Validation on Our Project
In this project, we employed Protein Language Models (PLM) to extract sequence features for thermal stability prediction. The effectiveness of features extracted by PLMs has been widely validated[1-5]. Take ESM2 for example; the features it extracts can generate high-confidence protein structures when passed through a structural module, as published in Science in 2023. Therefore, after extensive literature research and discussions, we concluded that the use of PLMs for assisting thermal stability prediction is a feasible approach.
We collected protein sequence data from Kaggle and PremPS. We conducted model training and effectiveness validation using various PLMs, including TempL and ESM2, and ultimately found that the model based on ESM2 yielded the best predictive performance. During the model training process, we employed Mean Squared Error (MSE) supervision, and the loss function curve is depicted below:
As you can see, MSE converged towards the end of training, and there were no gradient anomalies during the training process. On the test set, the trained model achieved an R-squared (R2) value of 0.71 when comparing predicted values to actual values, indicating that the model could capture the inherent thermal stability properties within the sequences.

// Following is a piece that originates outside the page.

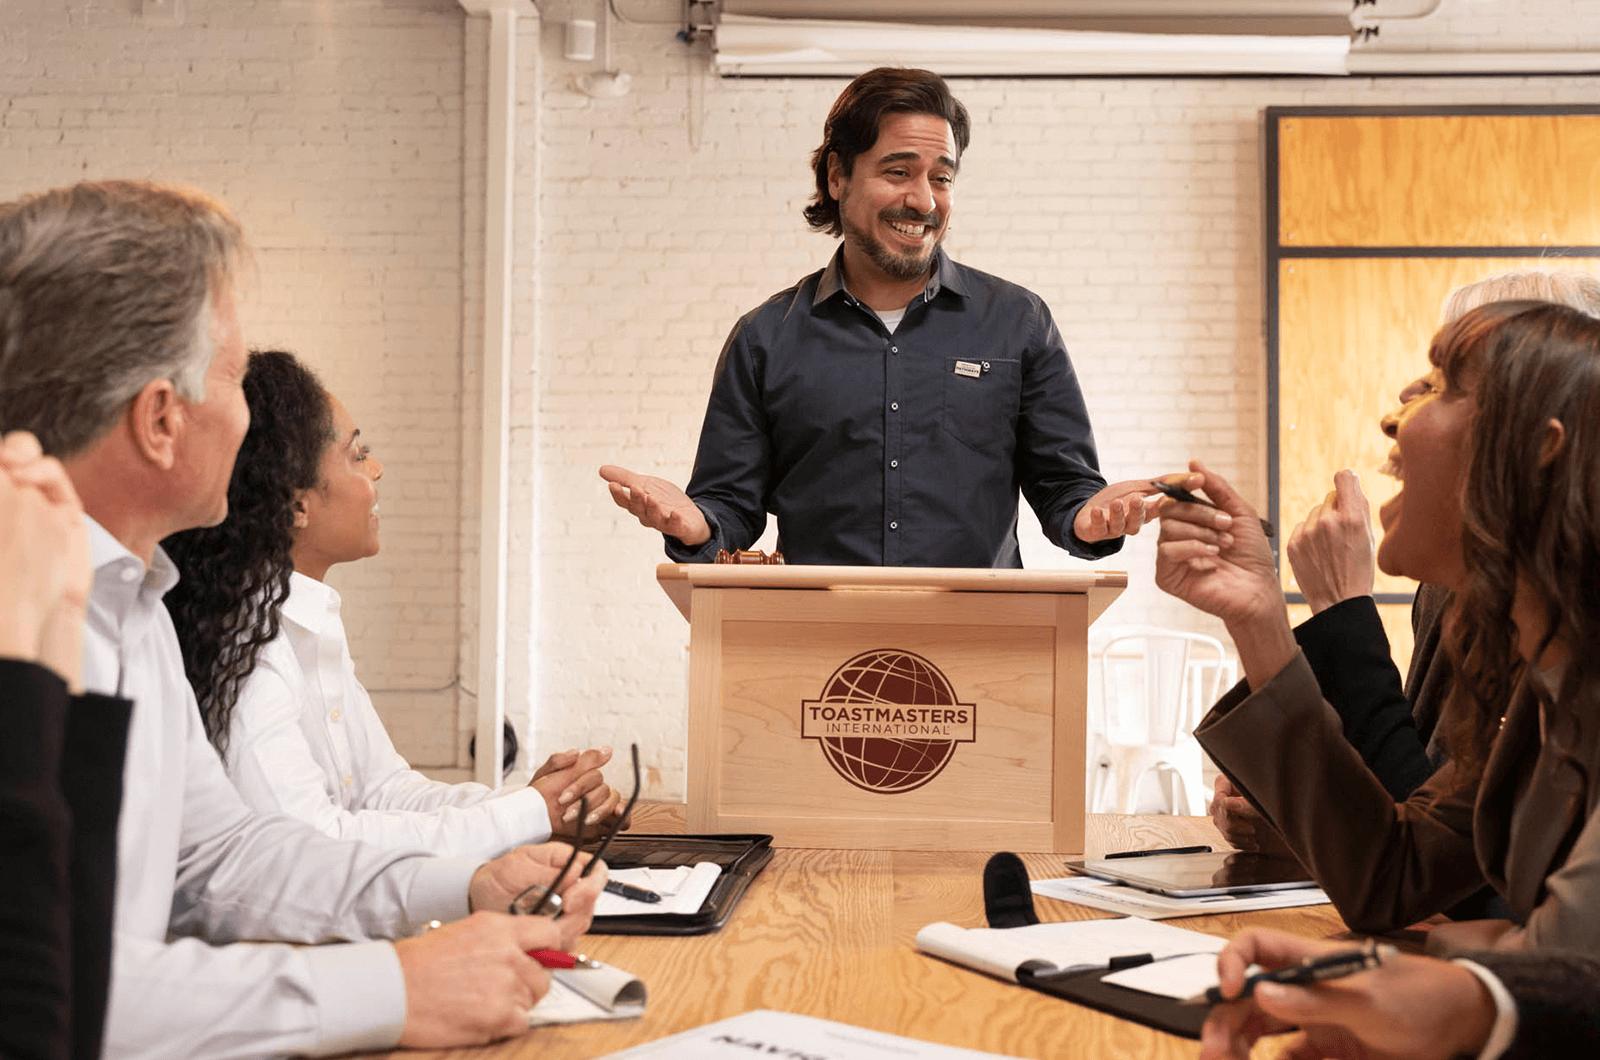 Man standing at lectern telling joke to people around table

We assessed the model's performance using experimental values for KmAgo mutants obtained from our collaborating wet lab and iterated based on the results.

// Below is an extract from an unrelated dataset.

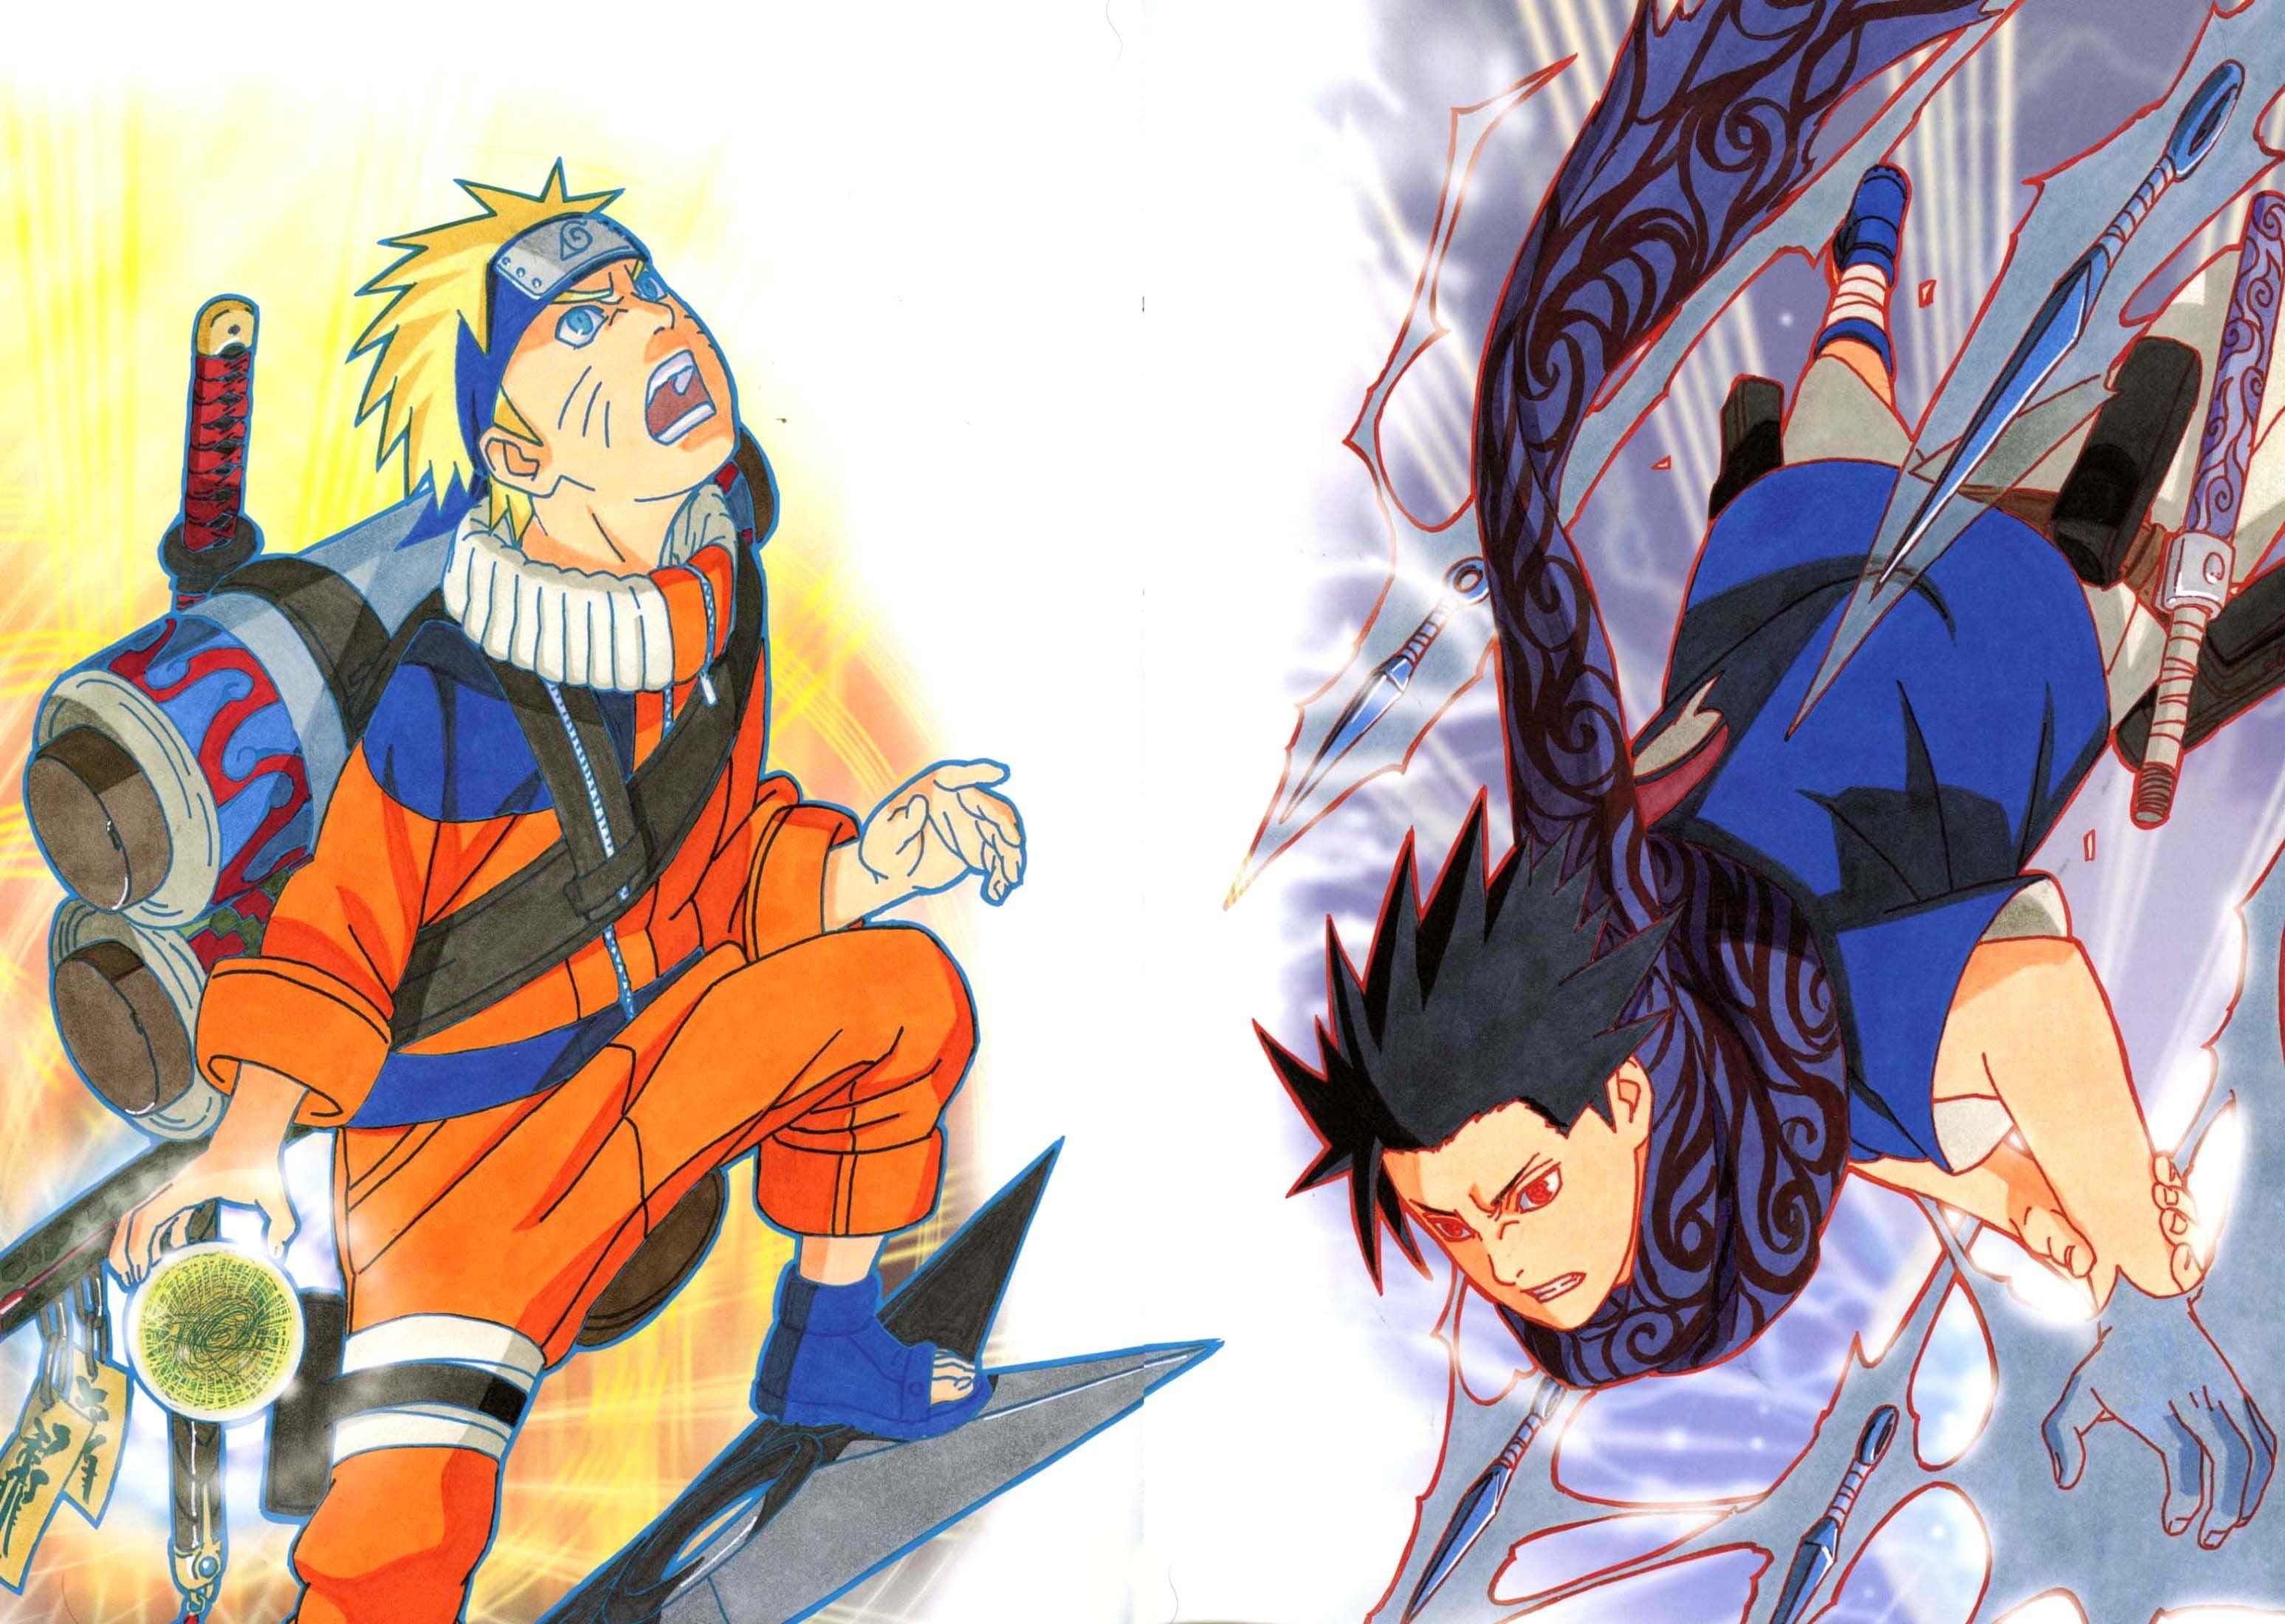 Naruto And Sasuke Kishimoto - HD Wallpaper

For specific results, please refer to
https://2023.igem.wiki/sjtu-software/engineering .
1. Zeming Lin et al. Evolutionary-scale prediction of atomic-level protein structure with a language model. Science 379,1123-1130(2023).
2. Ruidong Wu et al. High-resolution de novo structure prediction from primary sequence. bioRxiv 2022.07.21.500999.
3. Minjie Mou et al. A Transformer-Based Ensemble Framework for the Prediction of Protein–Protein Interaction Sites, Research, 6, (2023).
4. Jiawei Xing et al. Origin and functional diversification of PAS domain, a ubiquitous intracellular sensor, Science Advances, 9, 35, (2023).
5. Ruth Nussinov et al. AlphaFold, allosteric, and orthosteric drug discovery: Ways forward, Drug Discovery Today, 28, 6, (2023).